# PySpark and Mllib
## I.- find lowest rated movies with PySpark
## II.- predict user's movie rating score using Mllib  

# I.- Finding lowest rated movies using PySpark
this is just to spare our friends some time and make sure they don't waist time wathing these instead of boing out with family or walking the dog 

In [1]:
#! pip install pyspark

In [2]:
import os 
os.chdir('C:\\Users\\asuhajda\\JupyterRoot\\BigData\\movies_dataset\\ml-100k\\ml-100k')

In [3]:
# LowestRatedMovieDataFrame.py

from pyspark.sql import SparkSession
from pyspark.sql import Row
from pyspark.sql import functions

def loadMovieNames():
    movieNames = {}
    with open("u.item") as f:
        for line in f:
            fields = line.split('|')
            movieNames[int(fields[0])] = fields[1]
    return movieNames

def parseInput(line):
    fields = line.split()
    return Row(movieID = int(fields[1]), rating = float(fields[2]))


In [4]:
# Create a SparkSession in Windows 
spark = SparkSession.builder.appName("PopularMovies").getOrCreate()

In [5]:
# Load  movie ID
movieNames = loadMovieNames()
#movieNames

In [6]:
# Get raw data
while True:
     try:
         lines = spark.sparkContext.textFile("u.data")
         break
     except ValueError:
         #lines = spark.sparkContext.textFile("u.data")
         print('uups, somethign went wrong')

In [8]:
# Convert  it to a RDD of Row objects with (movieID, rating)
''' '''
while True:
     try:
         movies = lines.map(parseInput)
         break
            
     except ValueError:
         print('uups, somethign went wrong')
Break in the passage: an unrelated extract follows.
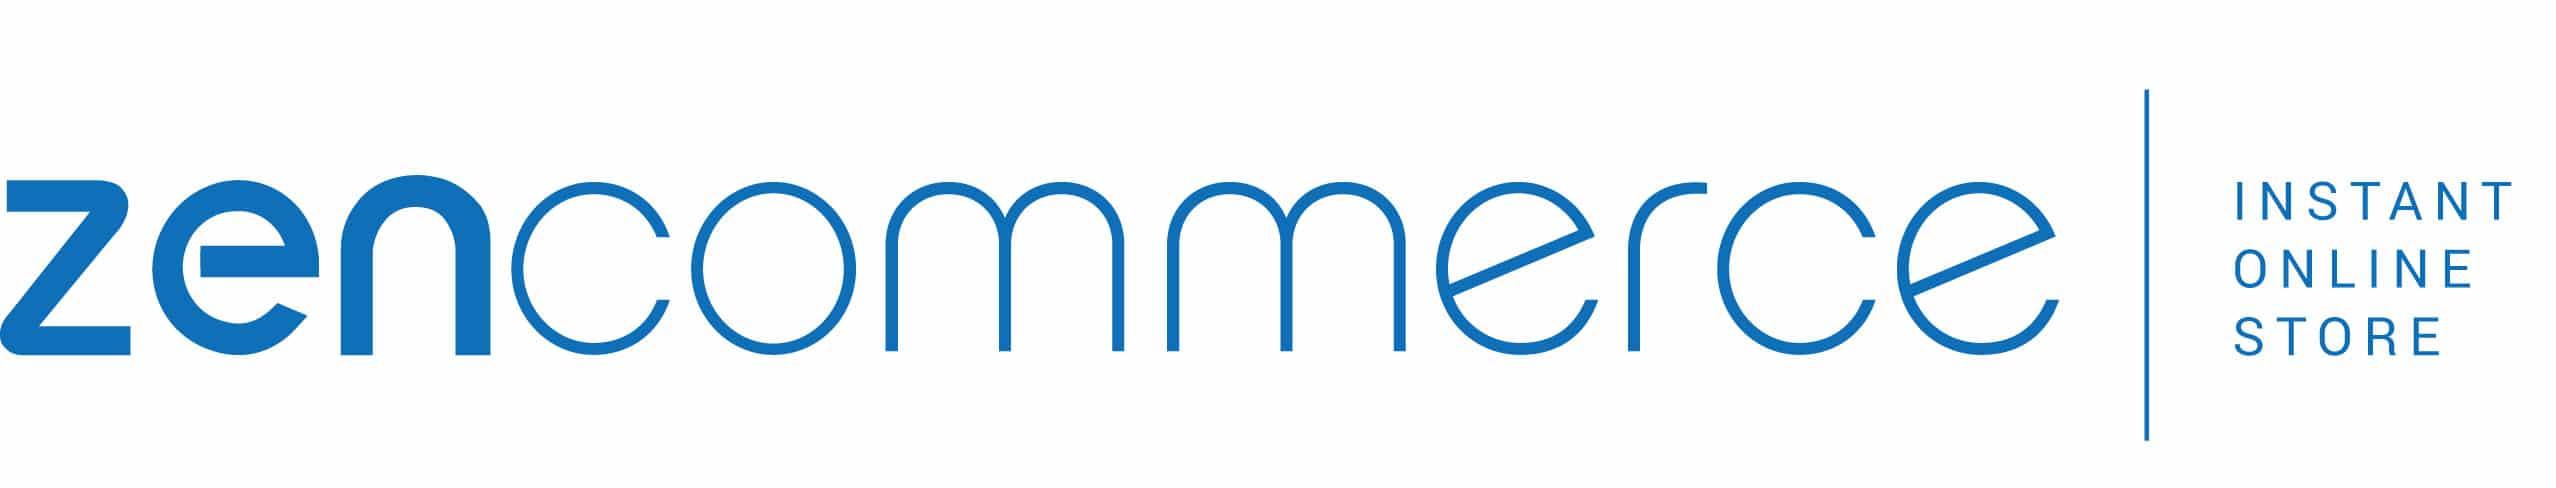 zencommerce-logo

print("these are the first 10 records"), print(movies.take(10))


these are the first 10 records
[Row(movieID=242, rating=3.0), Row(movieID=302, rating=3.0), Row(movieID=377, rating=1.0), Row(movieID=51, rating=2.0), Row(movieID=346, rating=1.0), Row(movieID=474, rating=4.0), Row(movieID=265, rating=2.0), Row(movieID=465, rating=5.0), Row(movieID=451, rating=3.0), Row(movieID=86, rating=3.0)]


(None, None)

In [9]:
# Convert that to a DataFrame
movieDataset = spark.createDataFrame(movies)
print("these are the first 10 records"), print(movieDataset.take(10))

these are the first 10 records
[Row(movieID=242, rating=3.0), Row(movieID=302, rating=3.0), Row(movieID=377, rating=1.0), Row(movieID=51, rating=2.0), Row(movieID=346, rating=1.0), Row(movieID=474, rating=4.0), Row(movieID=265, rating=2.0), Row(movieID=465, rating=5.0), Row(movieID=451, rating=3.0), Row(movieID=86, rating=3.0)]


(None, None)

In [10]:
# Compute average rating for each movieID
averageRatings = movieDataset.groupBy("movieID").avg("rating")
averageRatings.take(10)

[Row(movieID=474, avg(rating)=4.252577319587629),
 Row(movieID=29, avg(rating)=2.6666666666666665),
 Row(movieID=26, avg(rating)=3.452054794520548),
 Row(movieID=964, avg(rating)=3.3333333333333335),
 Row(movieID=1677, avg(rating)=3.0),
 Row(movieID=65, avg(rating)=3.5391304347826087),
 Row(movieID=191, avg(rating)=4.163043478260869),
 Row(movieID=1224, avg(rating)=2.6666666666666665),
 Row(movieID=558, avg(rating)=3.6714285714285713),
 Row(movieID=1010, avg(rating)=3.25)]

In [11]:
# Compute count of ratings for each movieID
counts = movieDataset.groupBy("movieID").count()

In [12]:
# Join the two together (We now have movieID, avg(rating), and count columns)
averagesAndCounts = counts.join(averageRatings, "movieID")

In [13]:
# Sample joined Dataset  (replacement, fraction and seed)
averagesAndCounts.sample(False, 0.01, 15).collect()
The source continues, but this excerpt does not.